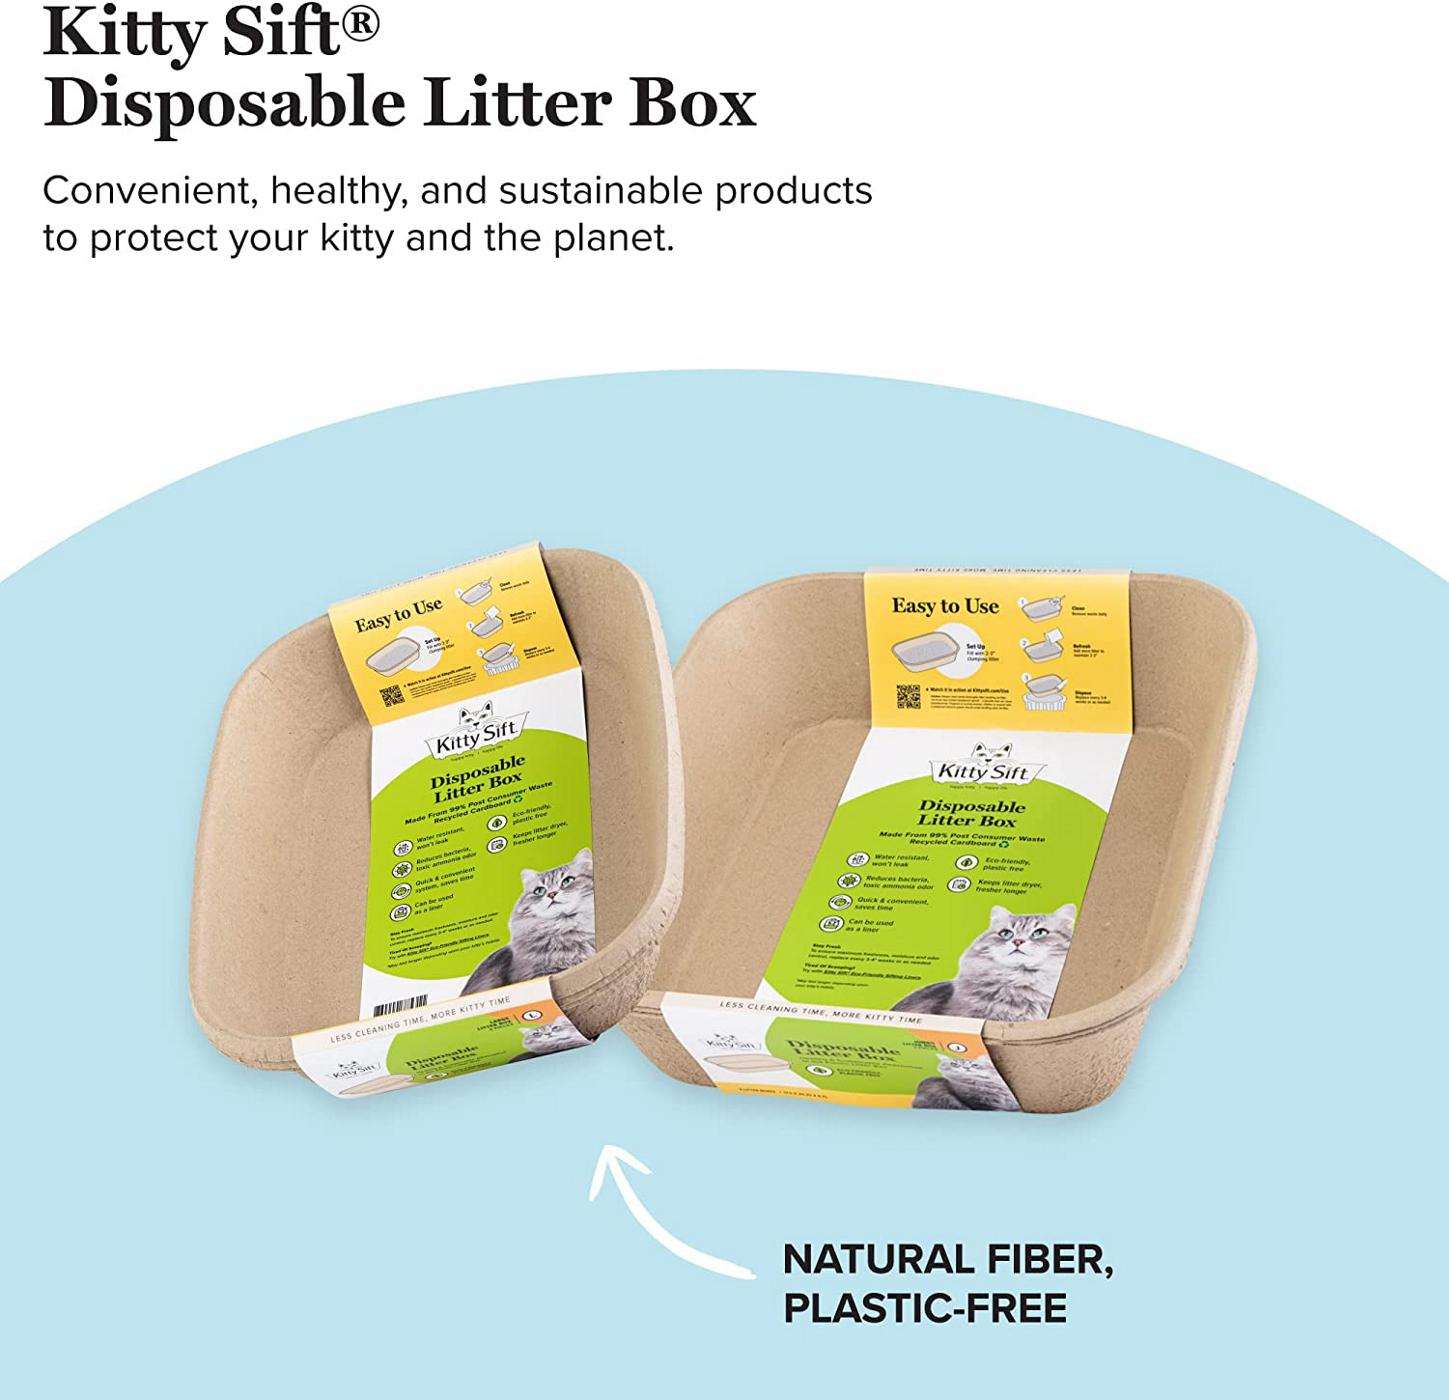 Kitty Sift Disposable Litter Box; image 2 of 4
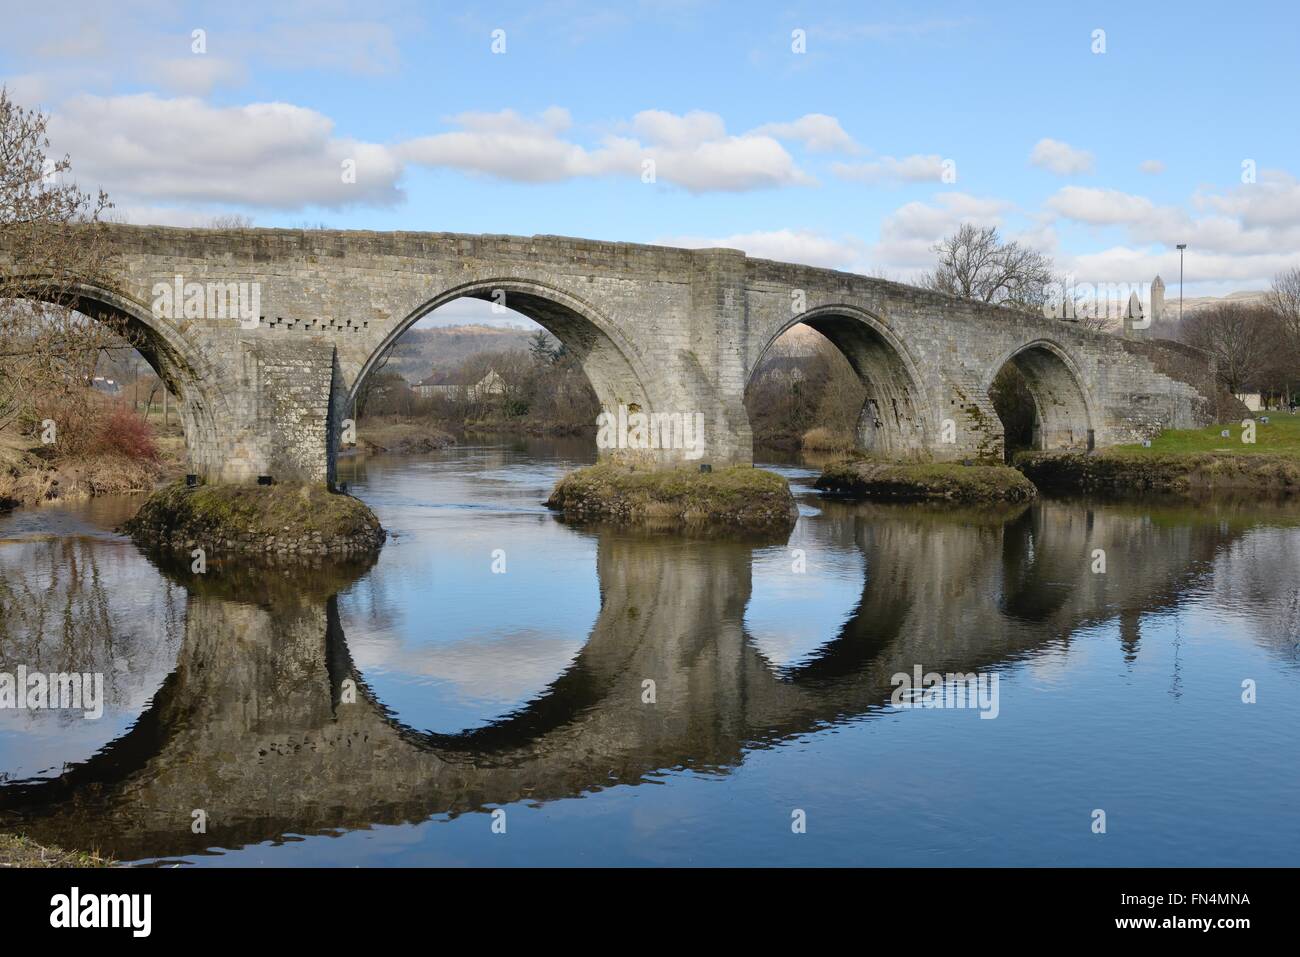 Stirling 'Old' Bridge crossing the river Forth in Scotland, UK, where the Battle of Stirling bridge took place. Stock Photo
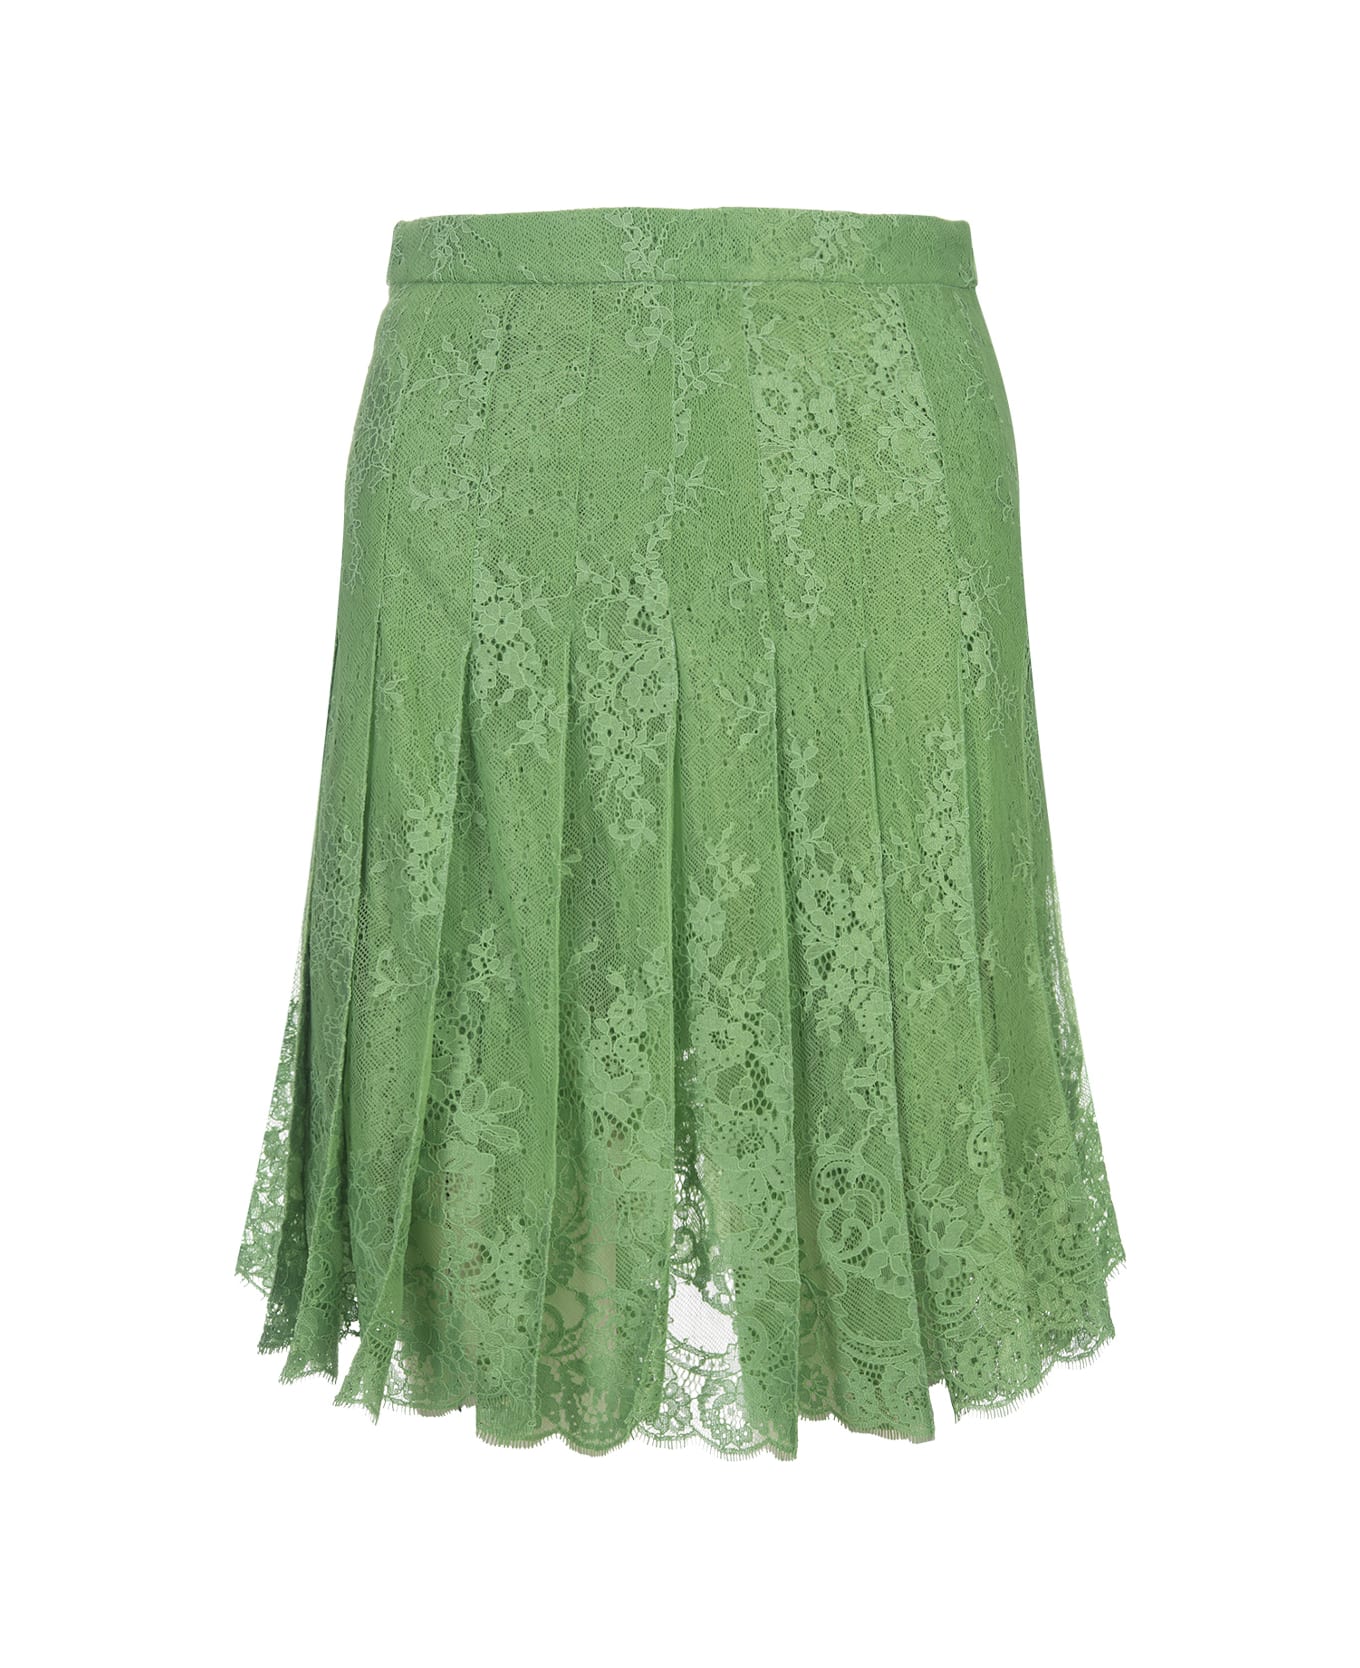 Ermanno Scervino Green Lace Pleated Skirt - Green スカート
- - - - -
## TASK
Keep every word of the material exactly as given. Drop the pictures.

## YOUR RESPONSE
 Kitty Sift Disposable Litter Box; image 2 of 4
 Stirling 'Old' Bridge crossing the river Forth in Scotland, UK, where the Battle of Stirling bridge took place. Stock Photo
 Ermanno Scervino Green Lace Pleated Skirt - Green スカート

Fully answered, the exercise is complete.